Sedangkan keinginannya Kang Dail adalah
yang penting mendapat untung, dan tidak mengutamakan kepuasan pelanggan.
Jika seperti itu, kemitraan Kang Mursi, dan Kang Dail tidak akan cocok dijalankan karena ditengah perjalanan akan ada bentrok.
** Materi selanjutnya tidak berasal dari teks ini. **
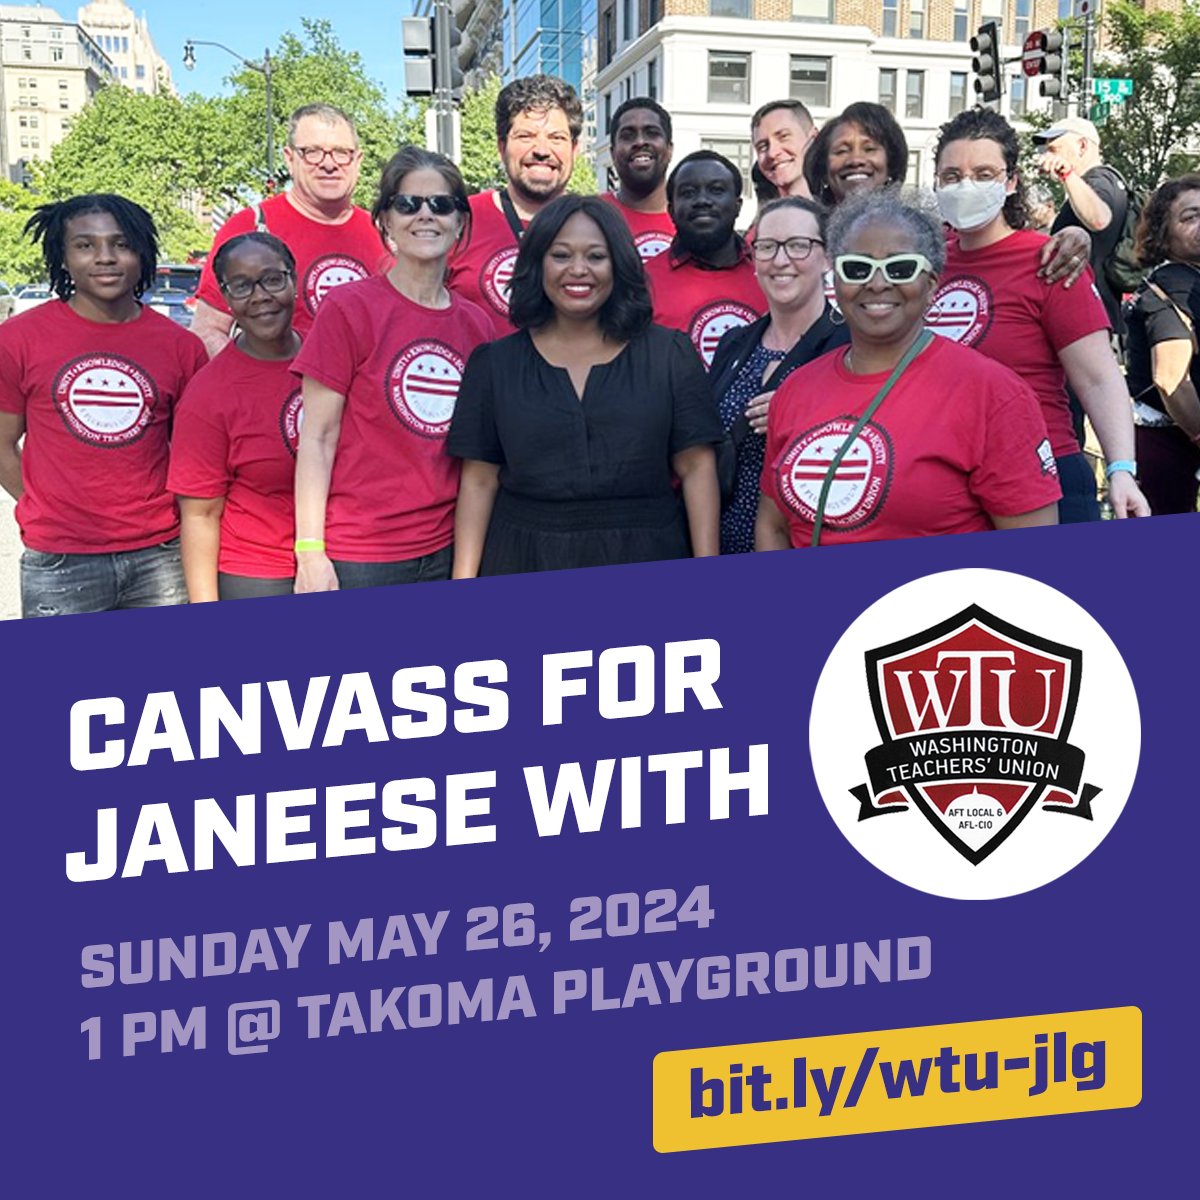 Please come out to canvass for WTU's-endorsed candidate @Janeese4DC for Ward 4 DC City Council on Sunday, May 26th! We hope to see you there! #redfored, #realsolutionsforkids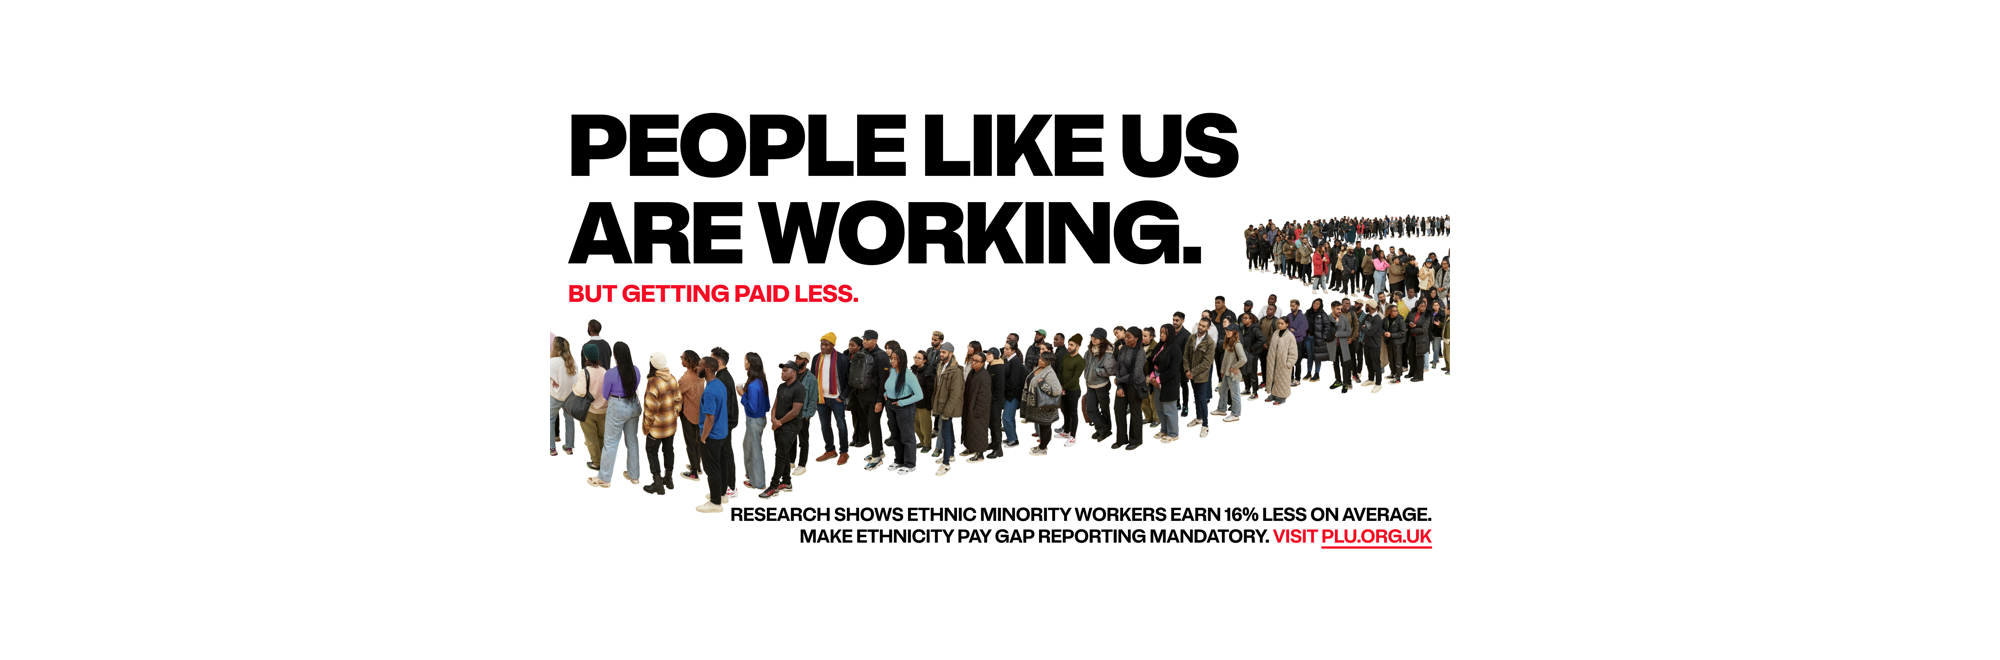 Iconic ‘Labour isn’t working’ advert reimagined to show ethnicity pay gap

Karenanya, pilihlah calon mitra yang visi dan misinya sama dengan kakak demi kesuksesan dan keberlangsungan usaha dalam jangka panjang.
7. Mengenali Mitra Lebih Dalam.
Setelah kakak menemukan seseorang yang dijadikan mitra bisnis memiliki visi yang sama, sekarang saatnya mengetahui lebih dalam tentang dirinya.
Apakah dia pernah berbisnis?
Jika pernah, cari tahu seperti apa hasilnya.
Seperti apa pendapat orang yang pernah bekerjasama dengannya?
Nanti, kakak akan tahu seperti apa kinerja, dan hasil karyanya.
Tanyakan juga kepada orang yang pernah bekerja dengannya tentang kepribadian, gaya kerja, keahlian, dan kelemahannya.
Jika ada sesuatu yang tidak disukai, cari tahu apa sebabnya.
Kemudian, mencermati pula profil media sosial onlinenya. Bagaimana dirinya menampilkan aktifitas di depan publik.
Dari sinilah, kakak akan tahu siapa dirinya, karena biasanya, perilaku di media online menggambarkan jati dirinya di dunia nyata.
8. Menentukan Kesepakatan Bisnis.
Setelah menentukan siapa orangnya yang akan dijadikan mitra, langkah selanjutnya adalah menentukan kesepakatan bisnis.
Kakak bisa memberi atau mengusulkan beberapa kesepakatan yang berhubungan dengan hal-hal penting seperti perjanjian dalam kemitraan bisnis.
Saling percaya saat menjalani usaha bersama memang penting, tapi kakak tetap harus membuat perjanjian secara tertulis. Isinya bisa tentang pembagian keuntungan, modal yang digunakan, dan siapa pemilik perusahaan yang akan dijalankan.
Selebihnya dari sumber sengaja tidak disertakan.